(Problem to work on) Restate, exactly as written, the entries below from the line that holds "dense stories that" through the line that holds "Aberystwyth Wales UK, Saturday". Pictures are not part of the copy.

(Available records)
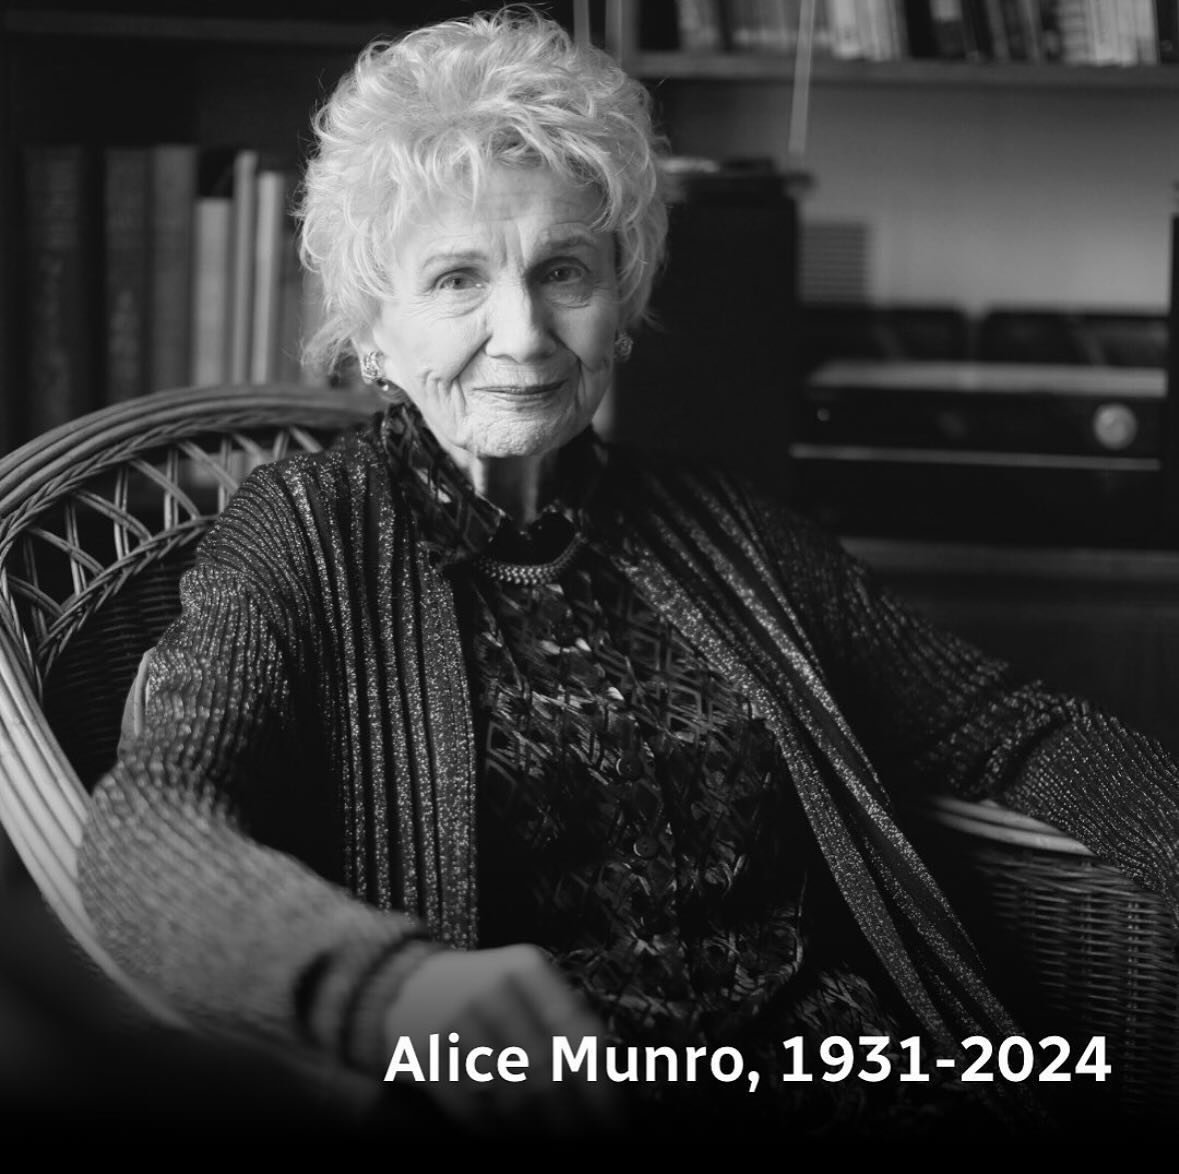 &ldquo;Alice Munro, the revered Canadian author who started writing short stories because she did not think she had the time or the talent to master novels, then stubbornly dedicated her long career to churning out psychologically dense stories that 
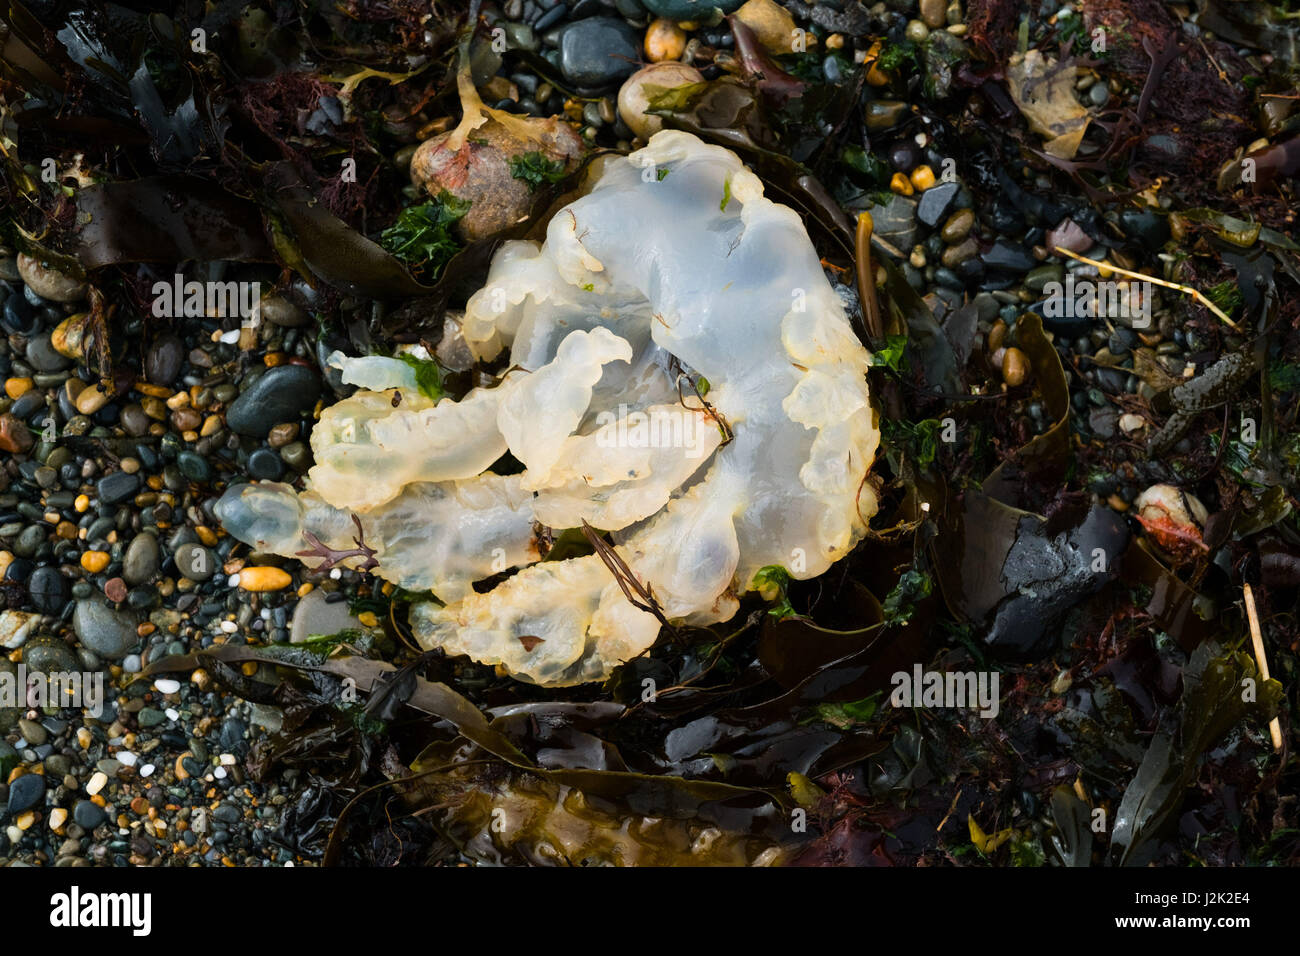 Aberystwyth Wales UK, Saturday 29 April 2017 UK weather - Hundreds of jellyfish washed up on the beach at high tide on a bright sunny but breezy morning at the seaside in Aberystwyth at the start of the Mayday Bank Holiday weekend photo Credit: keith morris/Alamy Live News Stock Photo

---

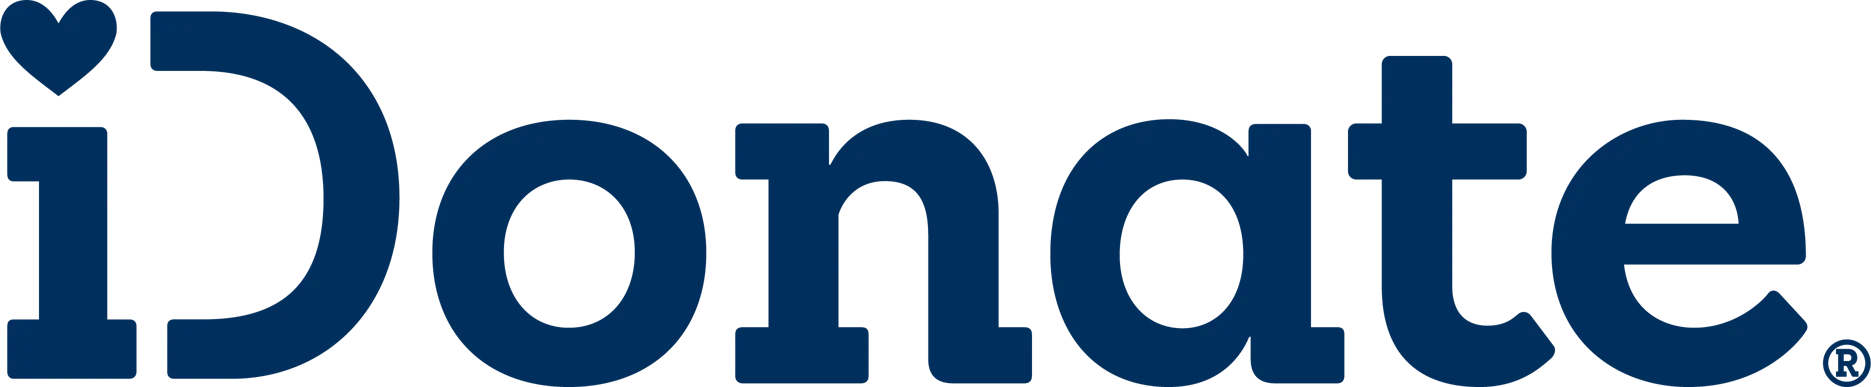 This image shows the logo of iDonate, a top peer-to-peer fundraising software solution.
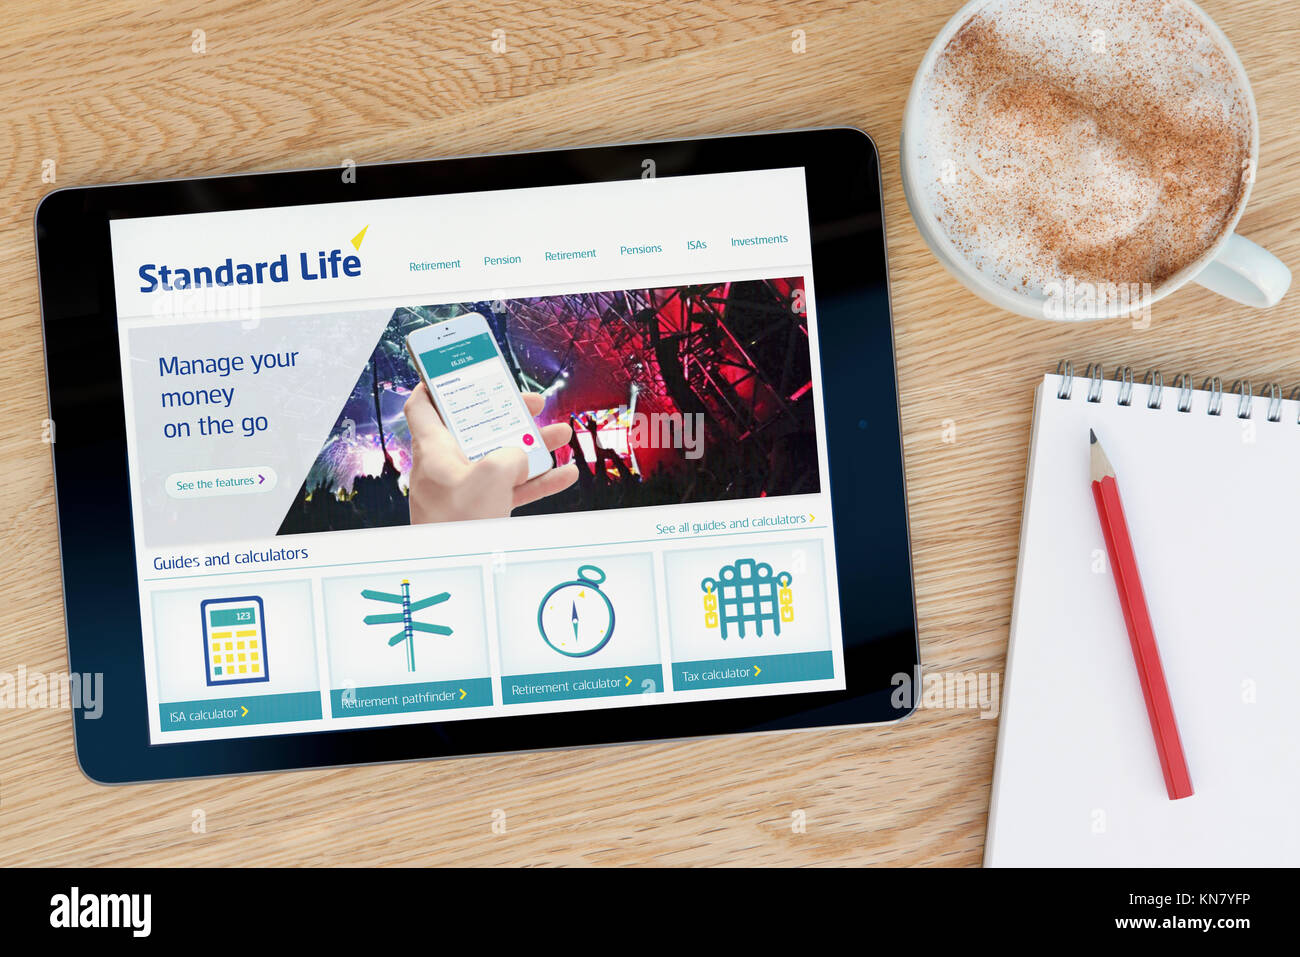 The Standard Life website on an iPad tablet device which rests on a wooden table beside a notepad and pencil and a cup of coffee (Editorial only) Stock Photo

--

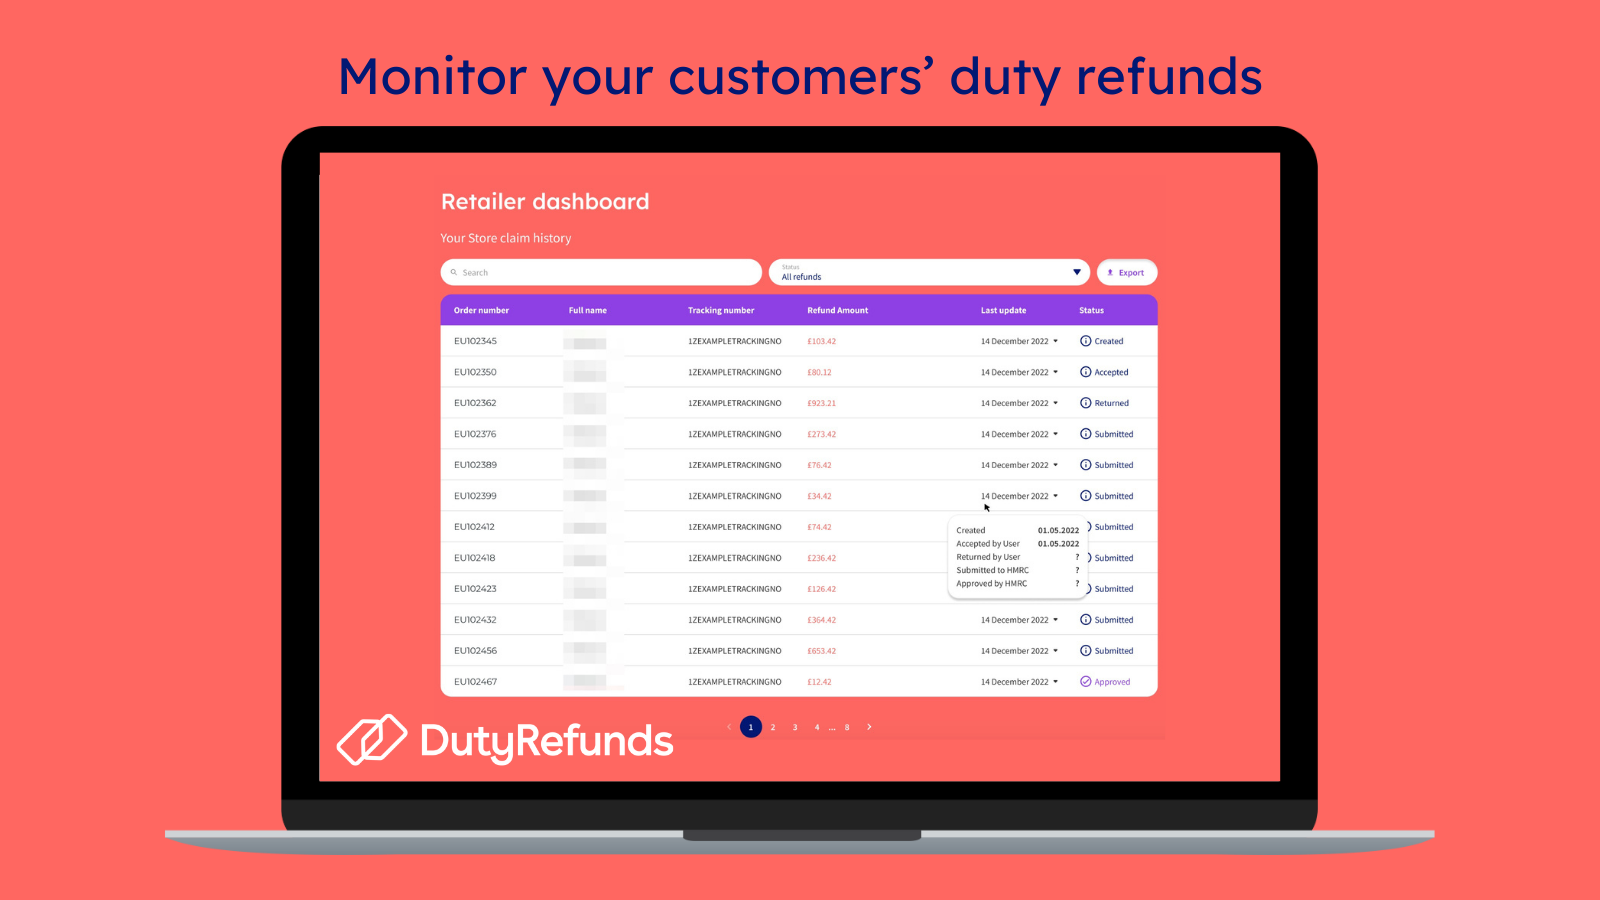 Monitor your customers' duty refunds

(Final answer)
 &ldquo;Alice Munro, the revered Canadian author who started writing short stories because she did not think she had the time or the talent to master novels, then stubbornly dedicated her long career to churning out psychologically dense stories that 
 Aberystwyth Wales UK, Saturday 29 April 2017 UK weather - Hundreds of jellyfish washed up on the beach at high tide on a bright sunny but breezy morning at the seaside in Aberystwyth at the start of the Mayday Bank Holiday weekend photo Credit: keith morris/Alamy Live News Stock Photo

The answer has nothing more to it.